Physiological motion can affect the diagnostic quality of magnetic resonance imaging (MRI). While various retrospective motion correction methods exist, many struggle to generalize across different motion types and body regions. In particular, machine learning (ML)-based corrections are often tailored to specific applications and datasets. We hypothesize that motion artifacts, though diverse, share underlying patterns that can be disentangled and exploited. To address this, we propose a hierarchical vector-quantized (VQ) variational auto-encoder that learns a disentangled embedding of motion-to-clean image features.
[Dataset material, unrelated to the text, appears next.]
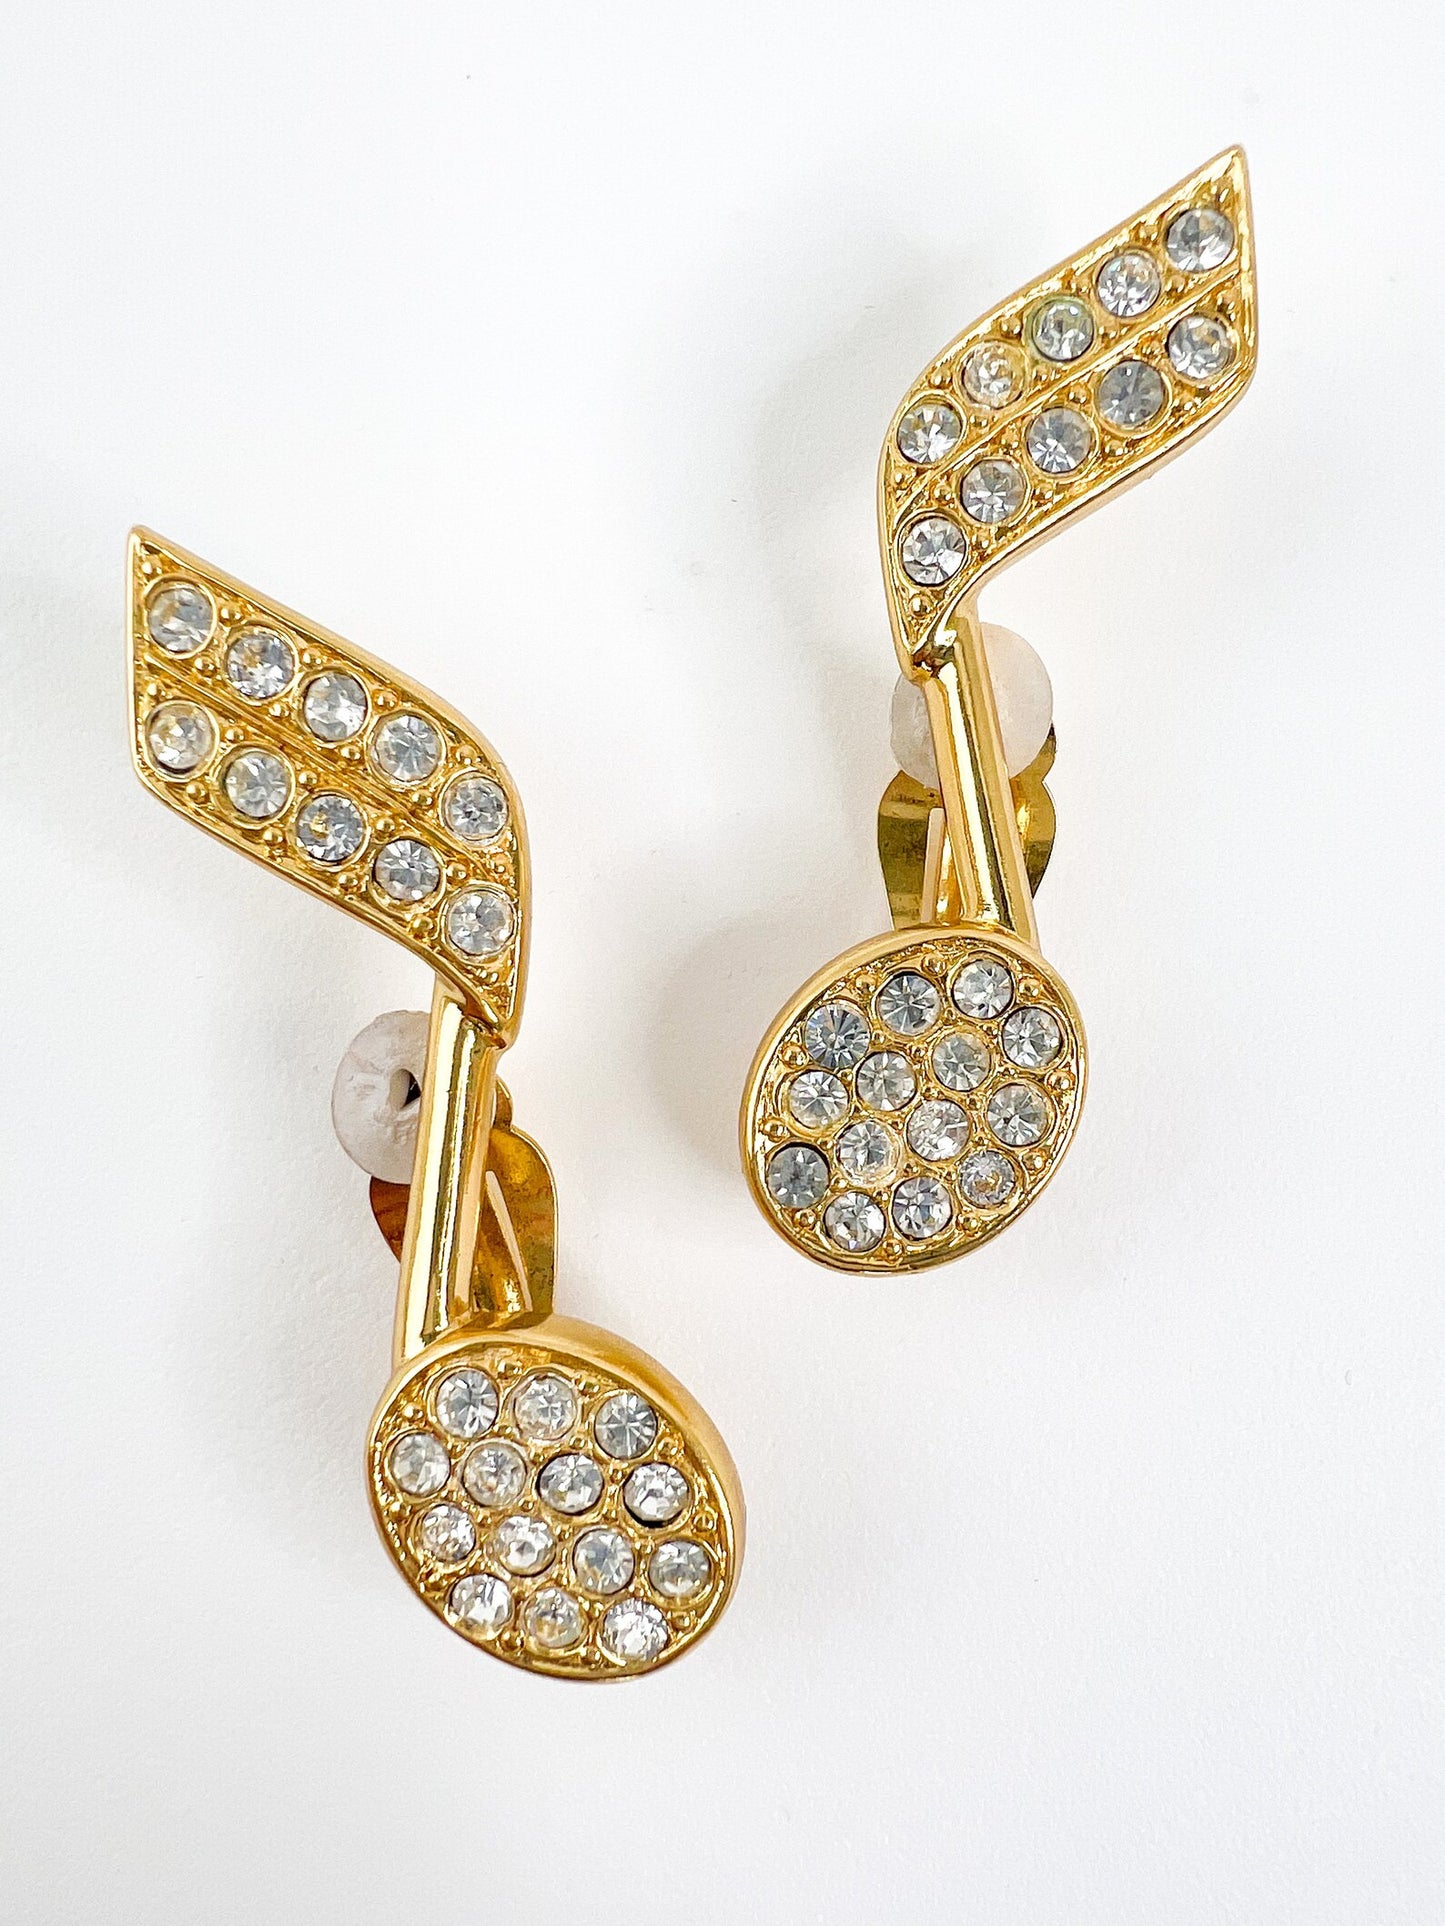 【SOLD OUT】 YSL Yves Saint Laurent Vintage Earrings Musical Note Pink Made in France

A codebook is deployed to capture finite collection of motion patterns at multiple resolutions, enabling coarse-to-fine correction. An auto-regressive model is trained to learn the prior distribution of motion-free images and is used at inference to guide the correction process. Unlike conventional approaches, our method does not require artifact-specific training and can generalize to unseen motion patterns. We demonstrate the approach on simulated whole-body motion artifacts and observe robust correction across varying motion severity. Our results suggest that the model effectively disentangled physical motion of the simulated motion-effective scans, therefore, improving the generalizability of the ML-based MRI motion correction. Our work of disentangling the motion features shed a light on its potential application across anatomical regions and motion types.

Paper Structure

This paper contains 9 sections, 3 equations, 3 figures.

Figures (3)

  • Figure 1: Diagram of our conditional auto-encoder during codebook training. The model takes as input a motion-affected image $\hat{x}$ and performs multi-resolution encoding to extract discrete features $e_{1}$ and $e_{2}$. The class conditioning $y$ is passed through a linear layer $h(\cdot)$ and used to condition on both the feature map $D_{1}(e_{1})$ and codebook $e_{2}$ of higher resolutions to generate a motion-corrected clean target image $x$ through the decoding architecture. The conditioning operation hereby refers to feature add-ups.
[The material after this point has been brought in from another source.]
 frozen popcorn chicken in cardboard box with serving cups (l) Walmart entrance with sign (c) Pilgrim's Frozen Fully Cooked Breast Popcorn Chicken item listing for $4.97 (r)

  • Figure 2: Qualitative results of the proposed model for motion correction at various motion severity levels $y$. From the sagittal whole-body imaging plane (left panel), the abdominal region was selected (yellow dashed box), serving as the motion-free reference. The right panel shows the zoomed-in abdominal views with increasing motion severity level (from top to bottom rows), in the motion-corrected (left) and motion-affected (right) images. The model successfully removes motion artifacts while preserving anatomical structures across different motion severity levels.
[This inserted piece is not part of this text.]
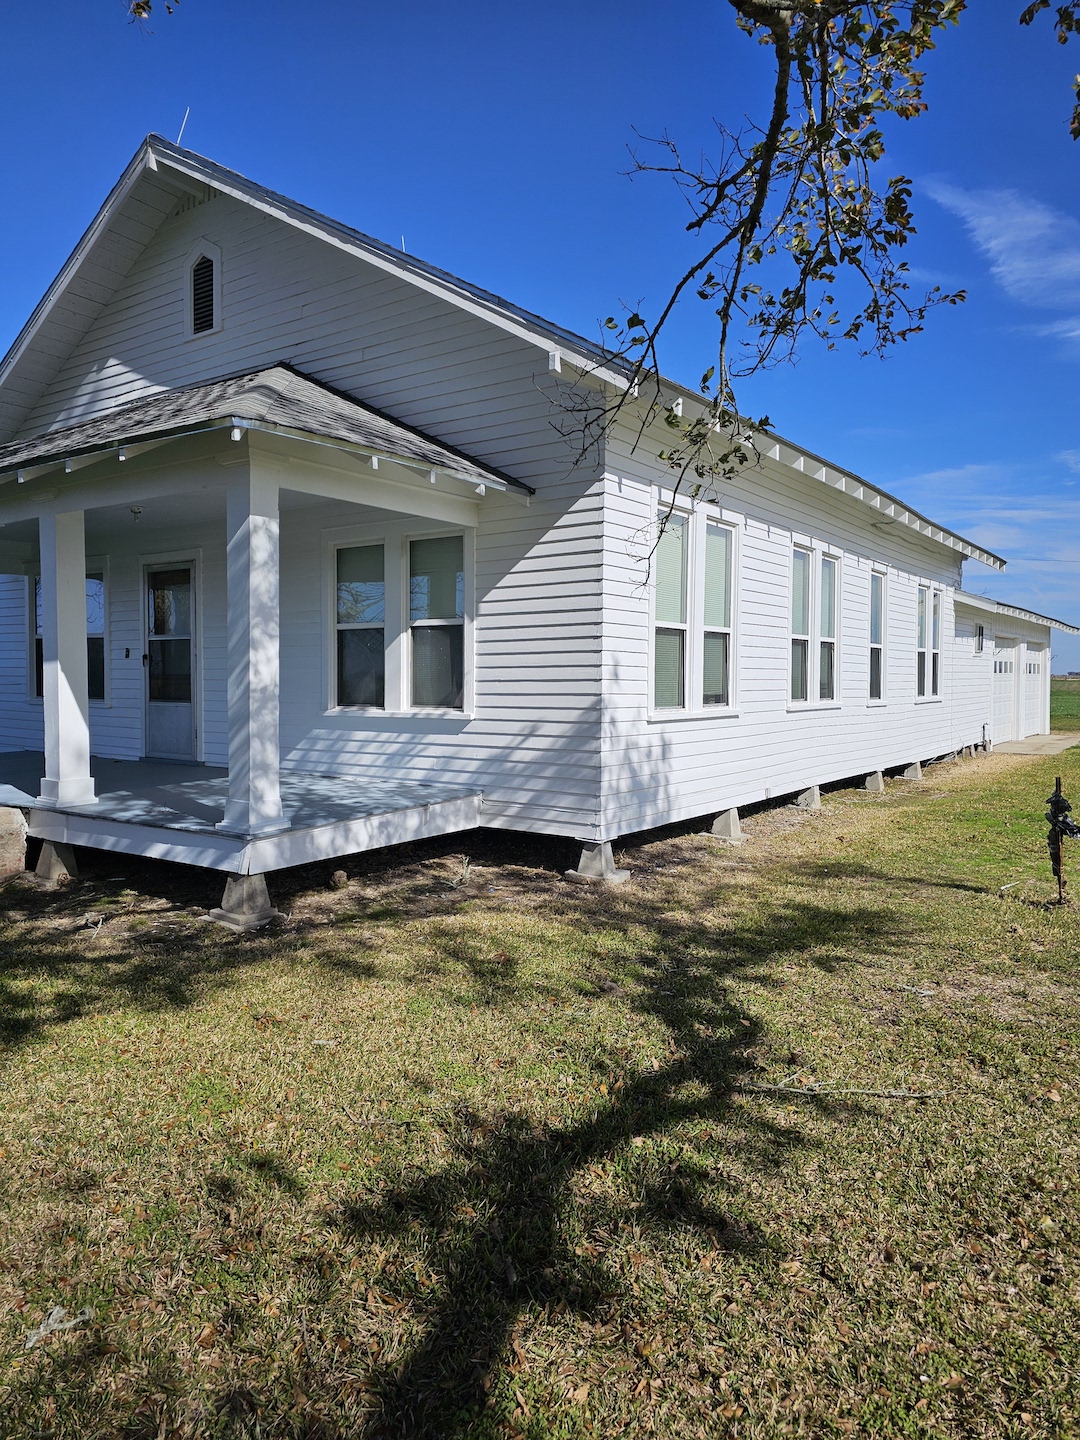 Quality Exterior Painting On An Old Farm House in Welsh, LA Thumbnail

  • Figure 3: Qualitative comparison of the motion-corrected results before and after codebook rearranged with conditioning on prior. The top row shows the motion-corrected results without the codebooks rearranged, encircled in yellow box, while the bottom row shows the motion-corrected results decoded from rearranged codebooks, in green box. Motion severity is increased from left to right, being $y=2, y=5$, and $y=8$ respectively. Note that the low frequency motion patterns are further removed in the lower row, presenting cleaner image content.